I reccomend using Tady's oto.ini Suffixer Tool for this next step (Read his instructions on how to use the tool), as it will quickly add suffixes to your bank's oto.ini.
Give your default pitch a suffix. I gave my start pitch the "E3" suffix.
The oto.ini should look like this after putting it through his Tool.
It's typical of people to use the letter and number of the pitch/octave they recorded at (C3, F4 etc), but you are more than welcome to suffix it differently. I've seen people use letters or kanji to indicate different modes of a voice bank (like "w", "s", etc).
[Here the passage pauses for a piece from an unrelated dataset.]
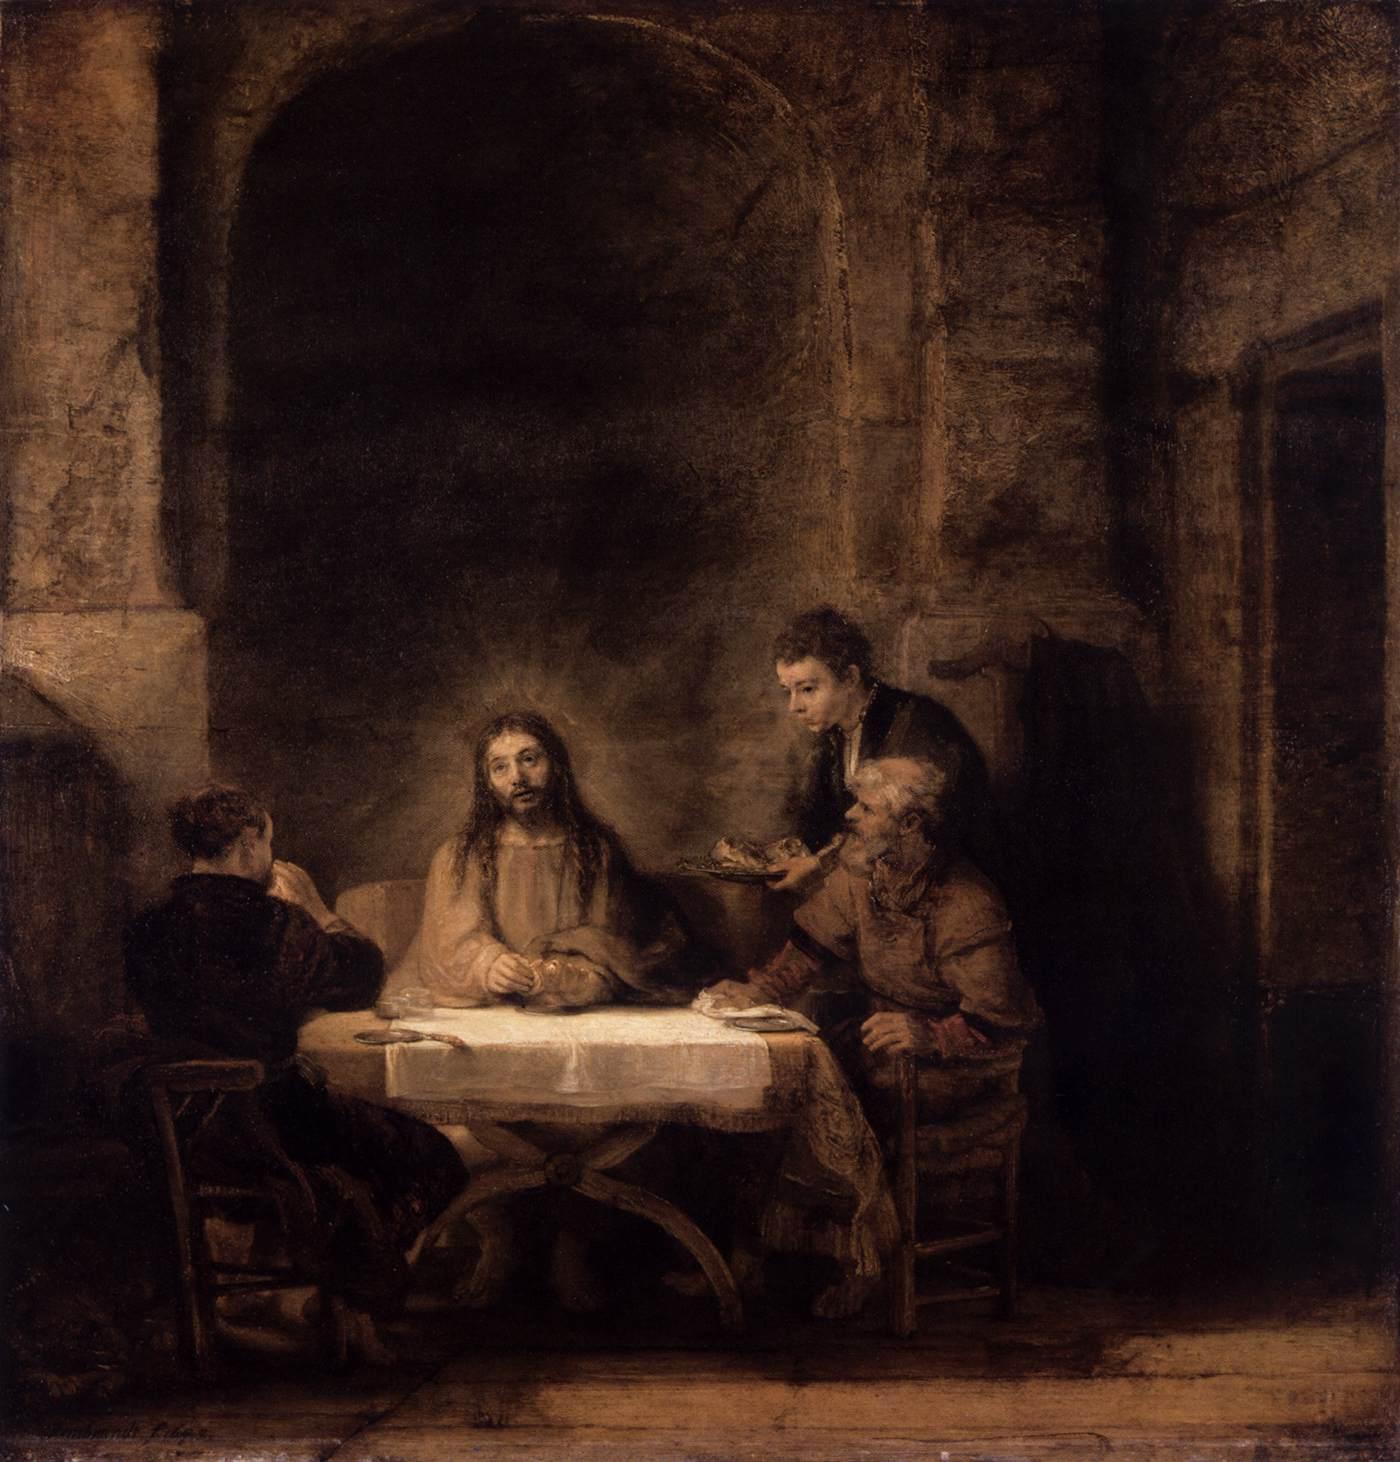 Schmidt-Degener-Rembrandt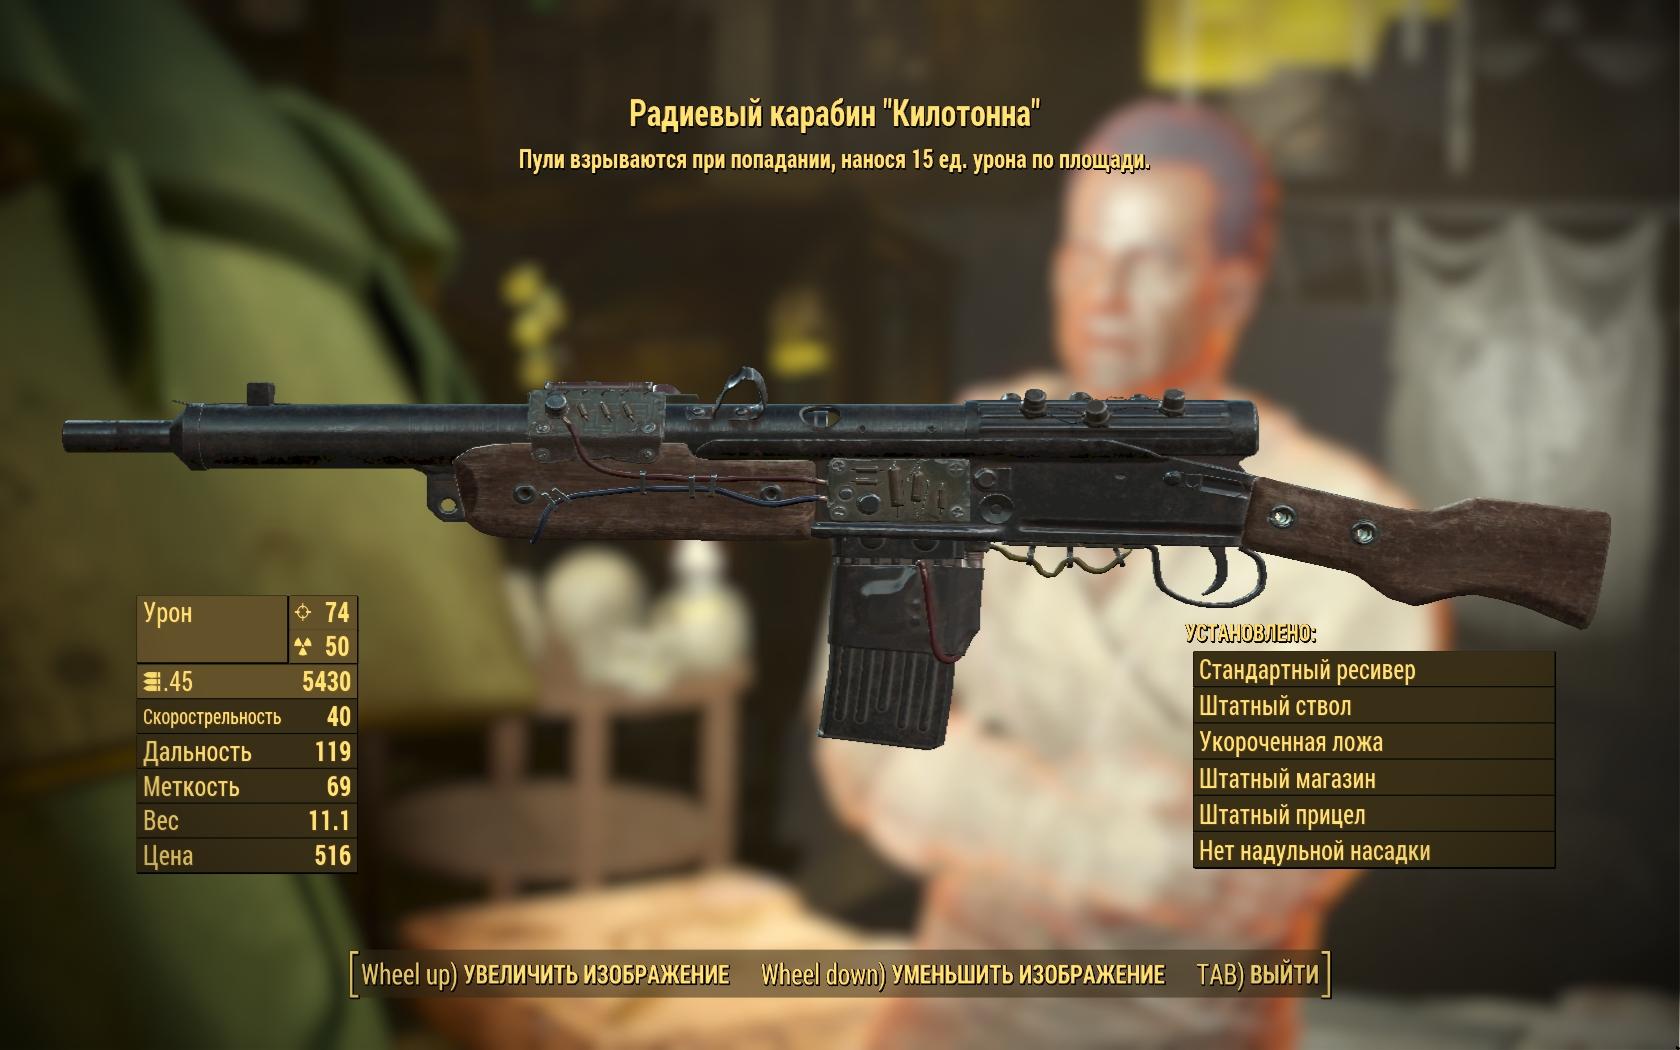 карабин - Fallout 4 брат Кейн, Кейн, Килотонна, Оружие, Радиевый, Ядро

PART 3 > Recording Additional Pitches
Now, I'm going to record two more pitches for this test bank. Try not to use different reclists when recording new pitches, just stick to the same one.
Make new folders for each separate pitch that your bank will have - like so, and put the separate oto.ini file in those folders:
Each separate folder should contain everything that is expected of a finished UTAU voicebank. The .wav files, .frq files, and the oto.ini. The only difference is the oto.ini (which differs in configuration and suffix pitch assignment). You can keep other files in the main folder (or extra folder), like concept art, breath files, icon, readme, etc.
Since I intend to make this tri-pitch and powerscale, I have recorded B3, then F4 pitch. B3 will serve as a transitory pitch with a bit more notable power than the E3 pitch, and F4 will be a high strong pitch.
Once you have those pitches done, place the sound files in their respective folders- then you can use the same oto.ini (just copy paste those into the folders) as you did for your starting pitch, and just do a quick find+replace operation in the oto.ini file to replace the suffix with the appropriate one after you place copies into their respective folders. Or, you can use Tady's OTO suffixer tool again.
PART 4> Using a Multipitch Bank in UTAU
Loading a multipitch into the UTAU program (if you're not keeping it in the voice directory) is not initially straightforward, since if you go into one of the pitch folders to select the sound file, you find that UTAU will end up loading only that pitch's folder. To remedy this, just leave a sound file out in the main folder outside of the pitch folders. (breath sample can work), and click on that to load the entire bank - then the UTAU program will load all the folders from the voicebank.
If the entire voicebank is aliased and you need to use the VCV/CV converter for a UST, you might have to switch to another VCV or CV voicebank to convert the UST to fit your UTAU.
Now, you want to use a prefix map to set up your pitches so sound will play back in a UST file. The purpose of the prefix map is to read the suffix at the end of the voicebank's alias and assign those to the notes that you set it to, regardless if the note itself has a suffix or not.
The way you set up the pitches is completely up to you, there's no set in stone rule. It will change depending on the range/expression of the song- but the straightforward/default approach is to assign the pitches to the range of pitches they're meant to hit. For my tripitch bank, it would be sensible to do this arrangement:
But seeing how spread apart they are, I decided to close them in a bit more so that you can hear more variety. Play around with your UTAU's pitches and see what works best for the song you want to cover!
If you wish to use the UTAU's default voice (an unsuffixed pitch), you add a ? to the beginning of the lyric.
If you wish to use a different/specific pitch on a certain note that is outside of what the prefix.map generally covers, just type the suffix at the end of the lyric.
And here's the quick multipitch bank example I did for this tutorial, I used Denki voice to demonstrate this.
Anyways.. that's all I can think of as far as that goes, it's supposed to be a very basic tutorial for people who wish to get into multipitch voice bank creation/usage, I don't really get into specifics like -how- to record a better strong/whisper pitch or how to improve pitch transitions- but if there was something confusing or unclear, or if there is info I neglected to cover, or any other questions you want to know, let me know!